As he enters the final phase of his term in office, President Obama now has a mostly negative role in the governing process. His suggestions for transformative policy changes are nearly irrelevant now that his party has squandered the firm control of Congress it enjoyed in 2009. He cannot count on getting the votes to pass anything new.

Obama’s contribution from this point forward will be to use vetoes and threats to obstruct whatever the recently elected Republican Congress passes. So far in this session of Congress, the media have focused on Republicans’ struggles to fulfill their base’s expectations while avoiding a government shutdown. But at some point, they will have to acknowledge Obama’s role as President No. Ideally, it will occur as Obama is given as many opportunities as possible to use his veto pen.

Ever since Democrats lost the House of Representatives and their filibuster-proof Senate majority in 2010, Obama has complained incessantly about GOP obstructionism against both bills and nominees. But who is obstructing now?

This week, Obama vetoed a bill that would have finally required State Department approval of construction of the long-delayed Keystone XL Pipeline. The privately funded pipeline would immediately create thousands of construction jobs — the reason the Laborers’ International Union supported it. In the longer term, it would help oil producers move their product to market more safely than by rail, and more cheaply, which is critical given the recent plunge in oil prices.

Keystone may seem like a small issue — and in a sense it is, because it is just one pipeline among dozens that cross the country. But Keystone is also a litmus test of common sense when it comes to economic questions. Obama’s dilatory action against permitting the project demonstrates that he would sooner bow down to the environmental radicals who oppose it — and who spent upwards of $60 million supporting Democratic candidates in the 2014 election — than put more Americans to work at zero cost to the taxpayer.

Obama is also threatening to veto the No Child Left Behind reauthorization currently making its way through Congress, known as the Student Success Act. The bill would limit the power of the education secretary by barring him from threatening, coercing or bribing states in an effort to dictate their education policies.
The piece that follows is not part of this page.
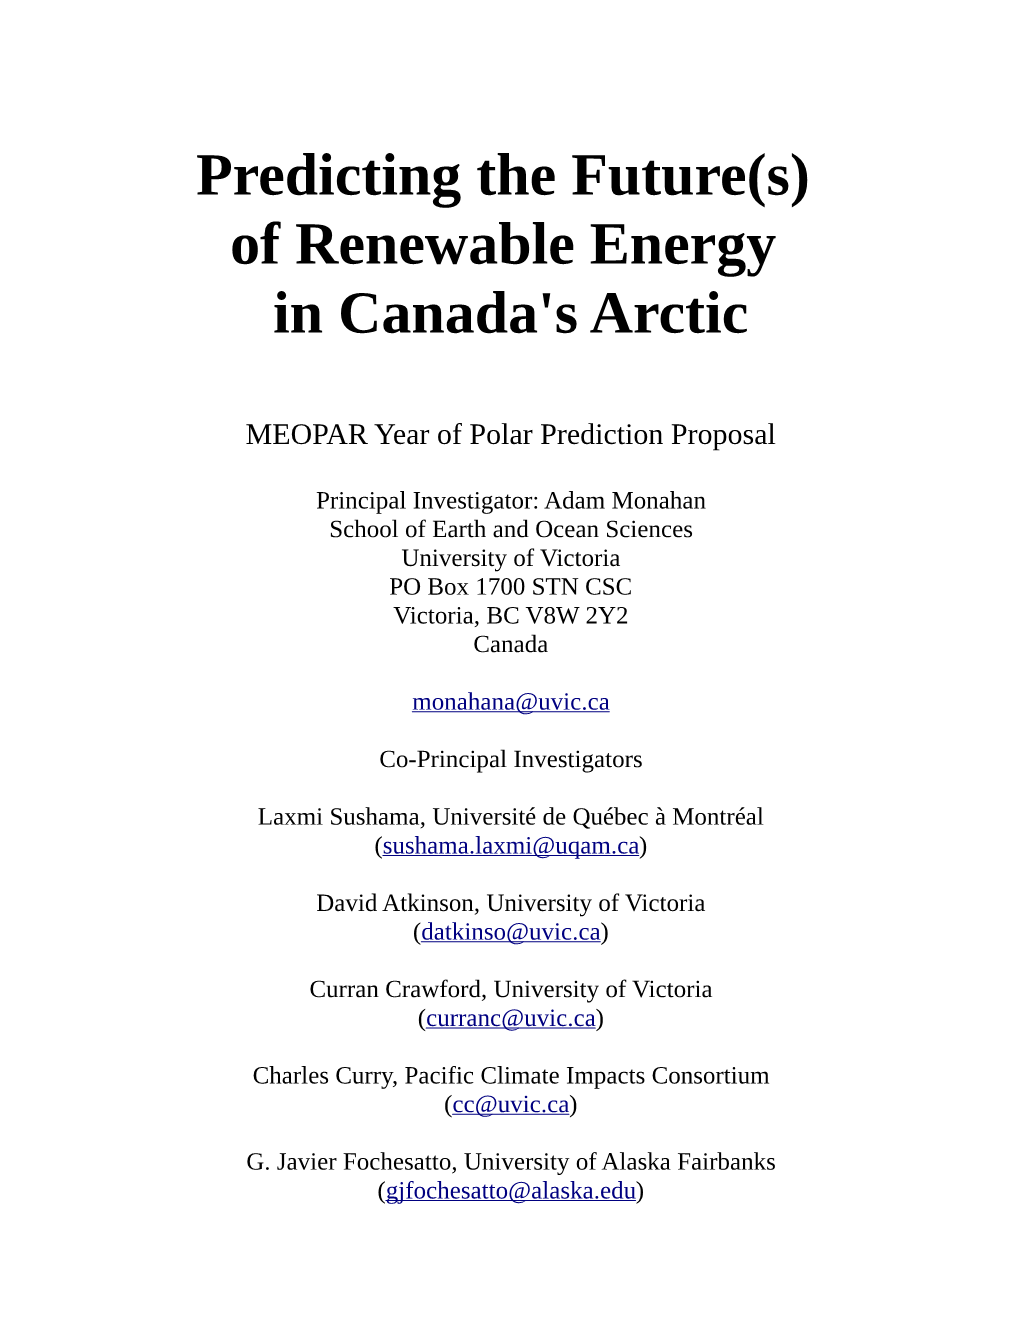 Predicting the Future(S) of Renewable Energy in Canada's Arctic

The current secretary, Arne Duncan, has done this repeatedly in his effort to force states to conform to the Common Core standards. Whatever the merit of those or any other standards, it simply isn’t the job of the federal government to micromanage education policy, which has always been a state issue.

Obama is not happy about this potential limitation on his power to bludgeon the states, and has issued a veto threat.
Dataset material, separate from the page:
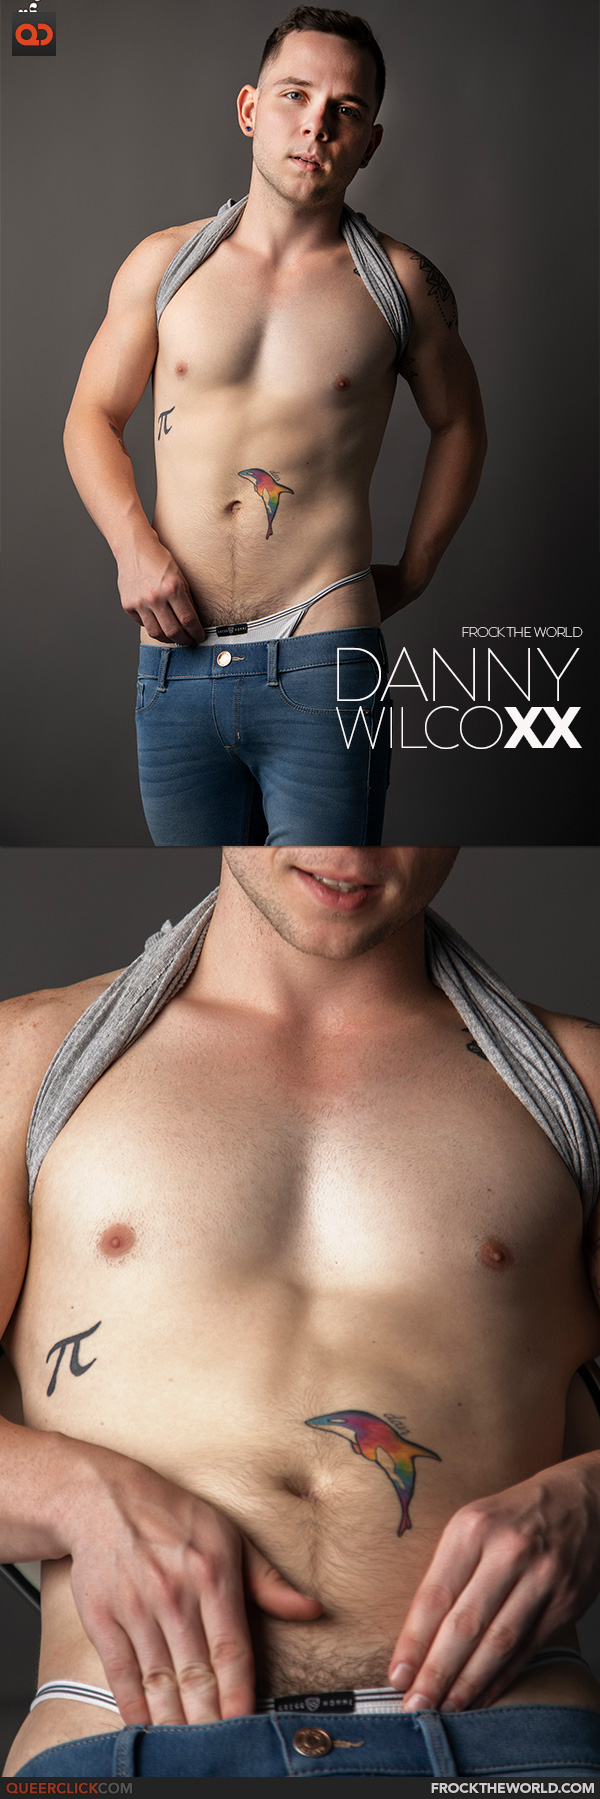 Frock The World: Danny Wilcoxx

Obama actually issued five veto threats in his State of the Union address — against anything undoing his immigration decree, against Keystone, against an Iran sanctions bill, against repeal of Obamacare and against reform of the Dodd-Frank bill governing Wall Street.

Republicans would do well to make Obama honor these promises with actual vetoes. After four years of hearing Obama complain about obstructionism — and even use it as an excuse to bypass the constitutional process for legislation — they owe him as much.